» **GOAL OF THE EXERCISE**:
Every line of the listing below from the one with "Il mio orto" up to and including the one with "Luggage transit service" should be retyped exactly, and nothing else; pictures are not part of the copy.

» **MATERIAL PROVIDED**:

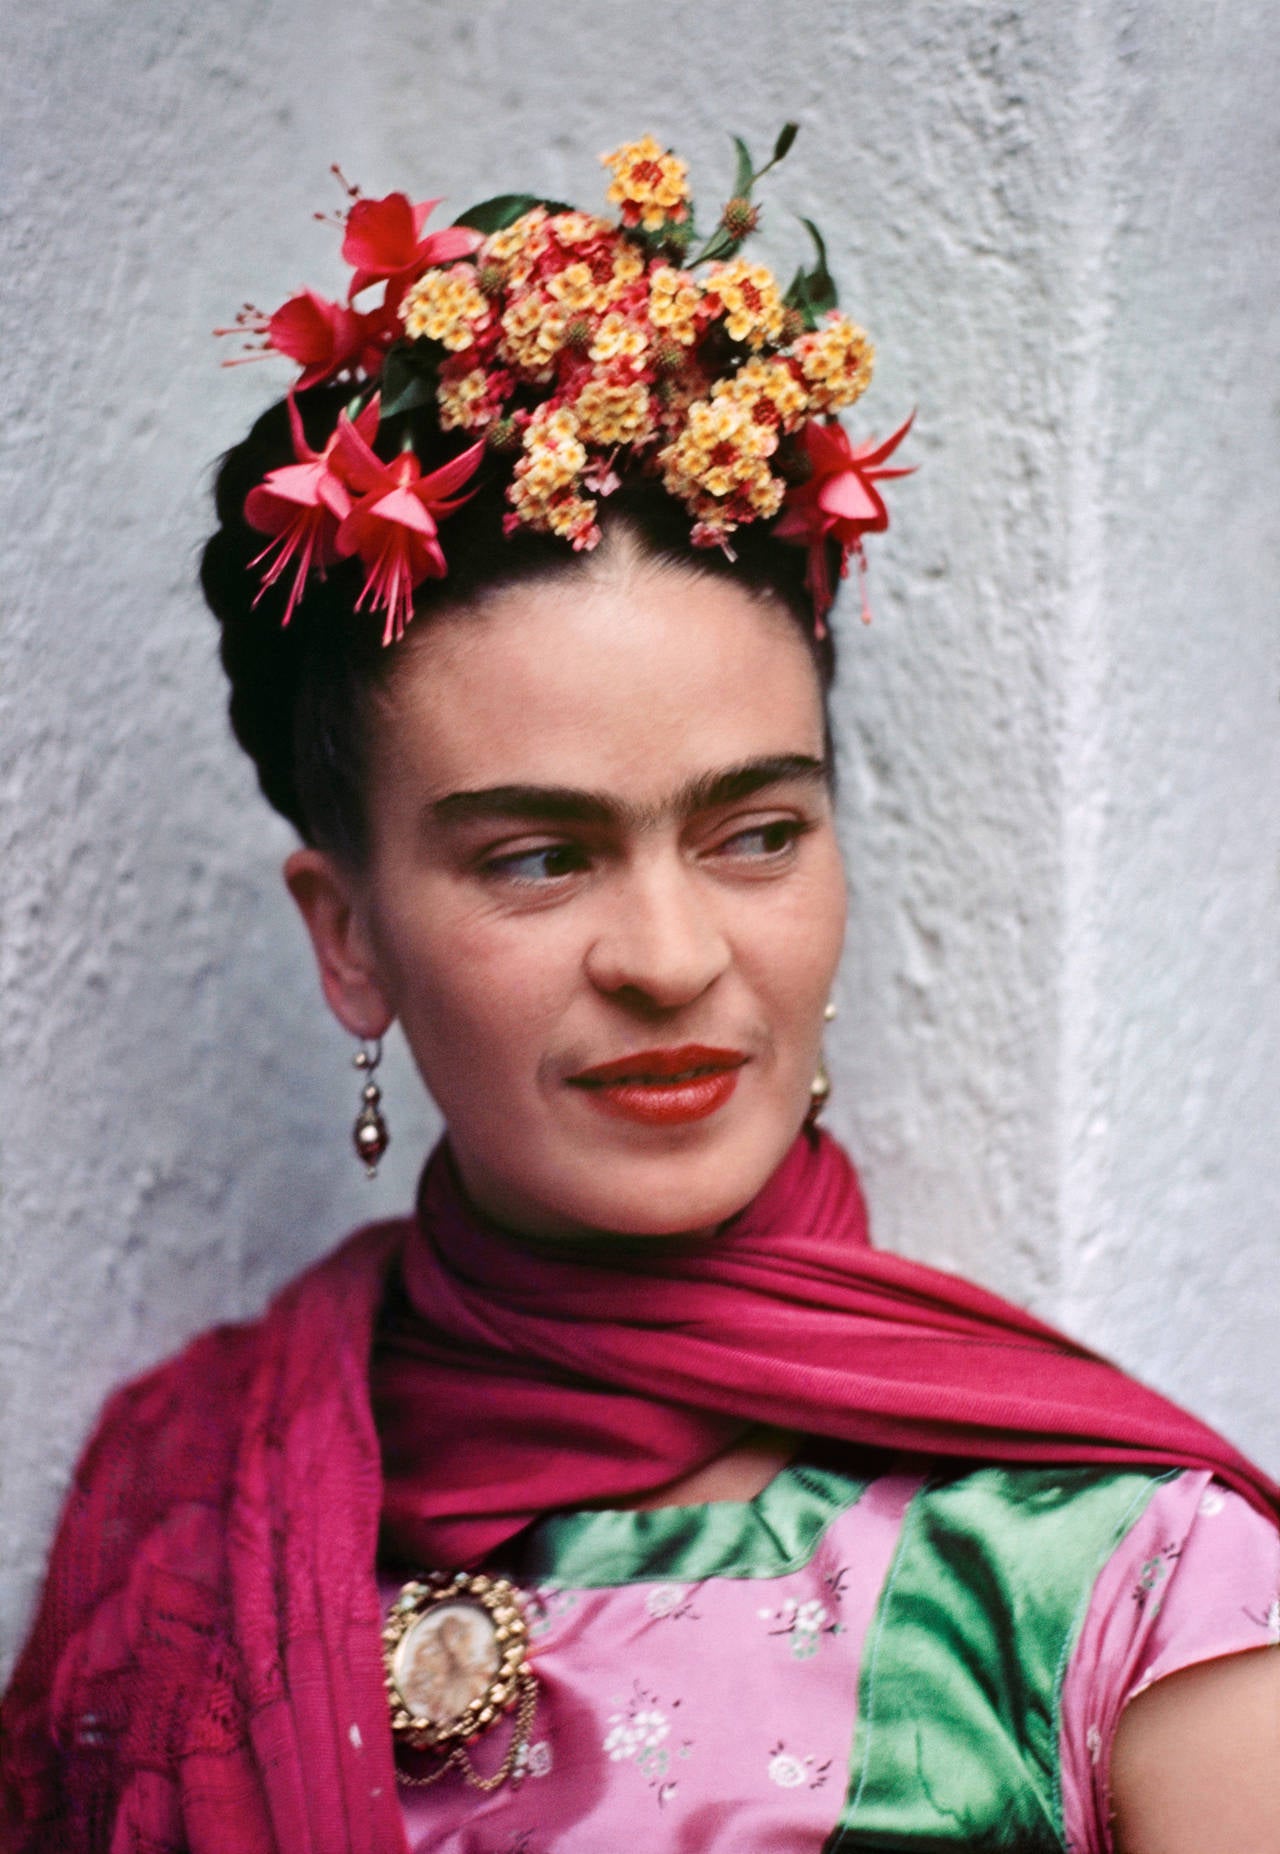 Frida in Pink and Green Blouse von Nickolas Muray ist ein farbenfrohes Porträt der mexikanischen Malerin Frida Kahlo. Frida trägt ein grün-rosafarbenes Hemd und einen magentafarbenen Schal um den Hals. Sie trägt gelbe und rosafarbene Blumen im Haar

* * *

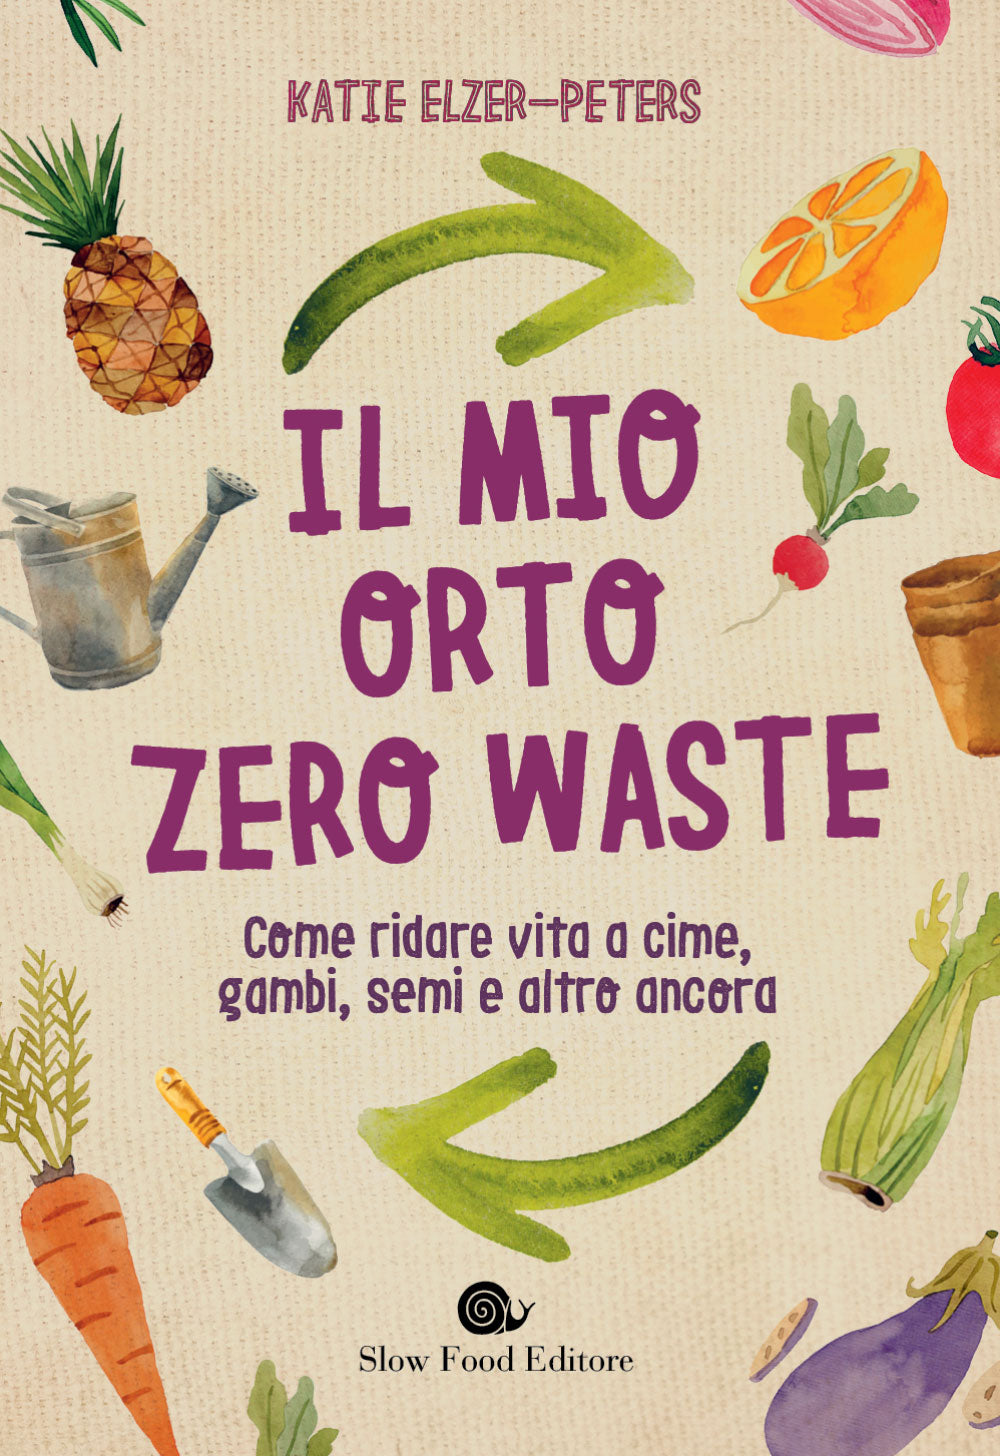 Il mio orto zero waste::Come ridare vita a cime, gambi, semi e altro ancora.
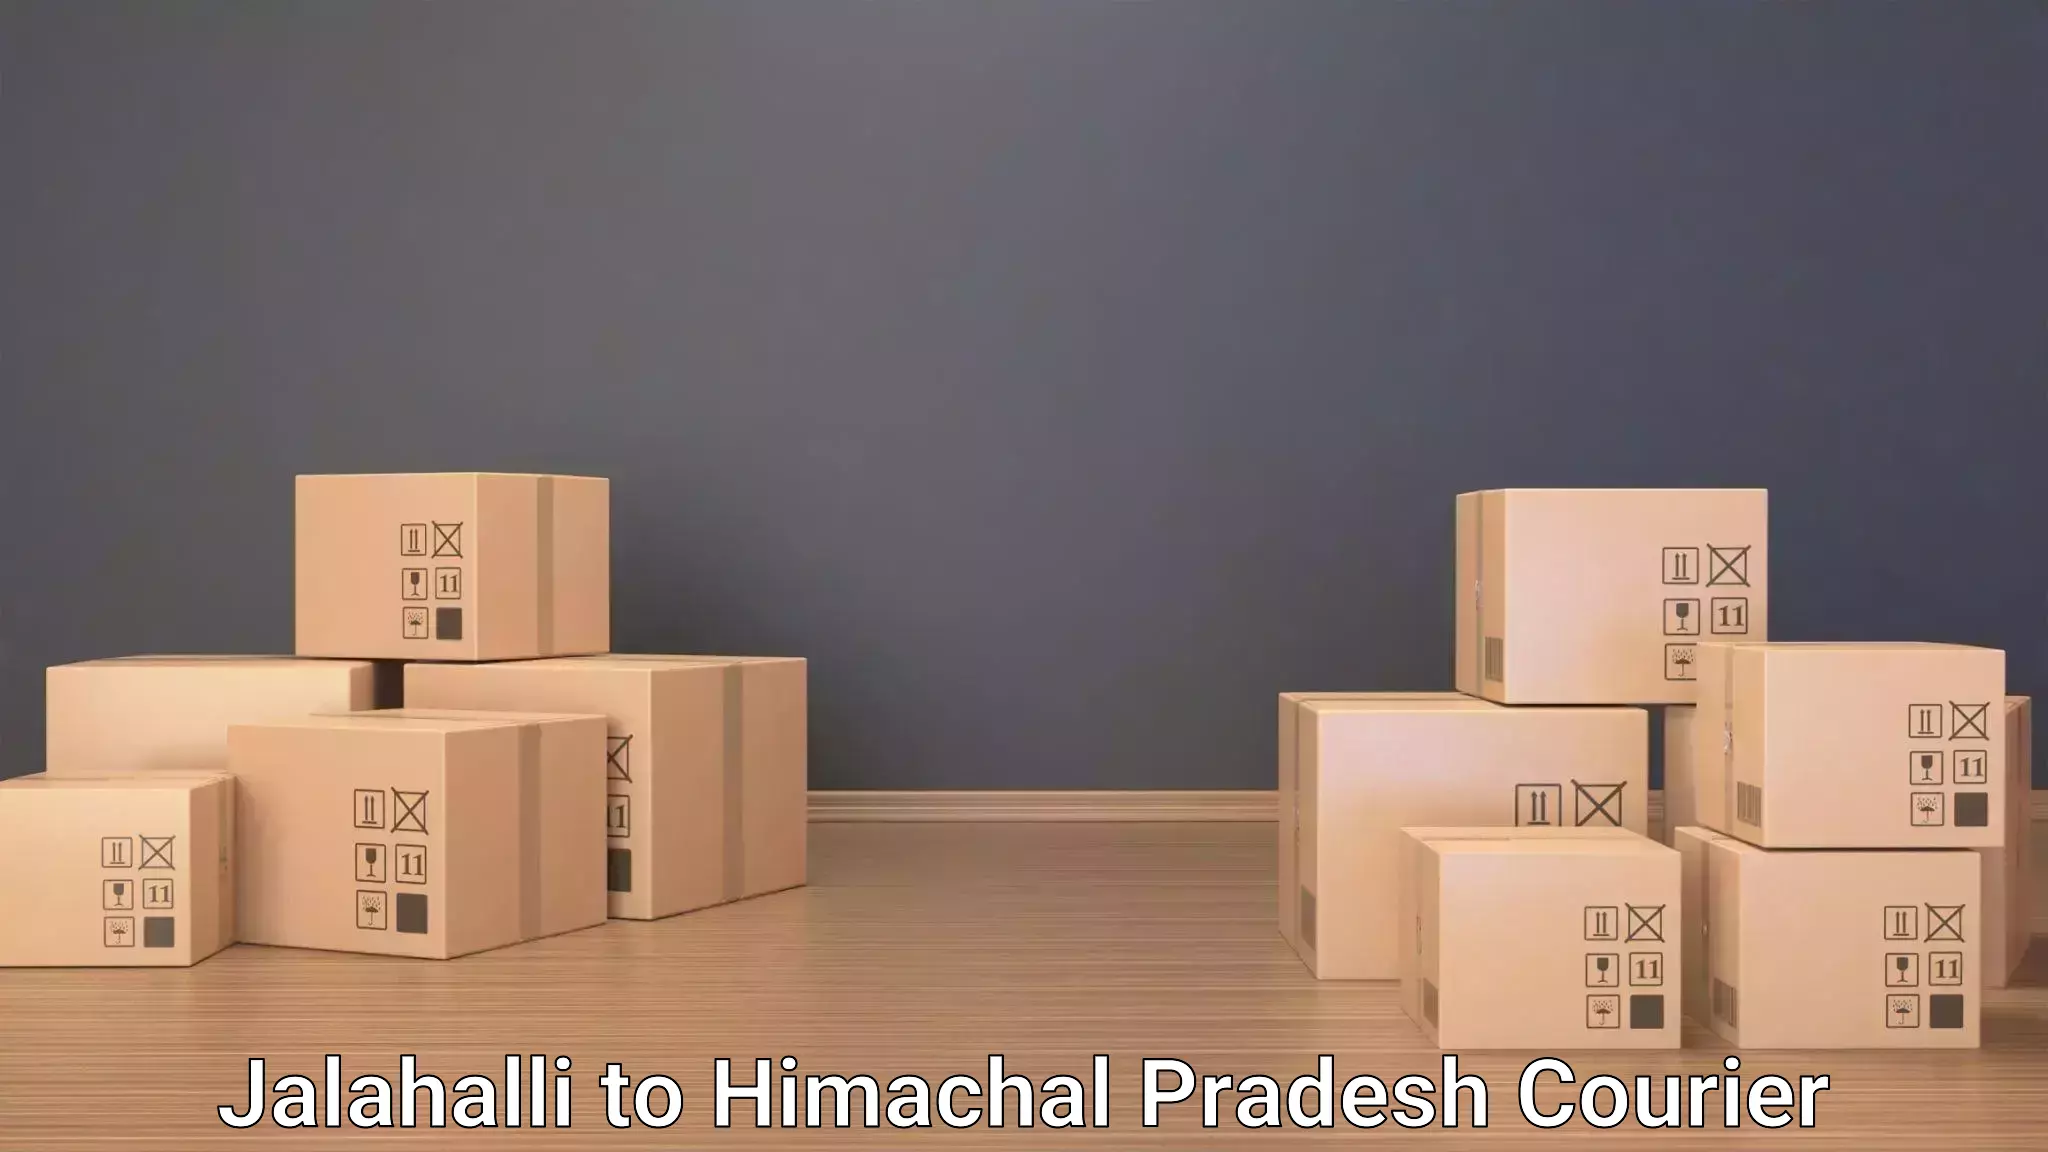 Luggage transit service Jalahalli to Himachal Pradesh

» **OUTPUT BELOW**:
 Il mio orto zero waste::Come ridare vita a cime, gambi, semi e altro ancora.
 Luggage transit service Jalahalli to Himachal Pradesh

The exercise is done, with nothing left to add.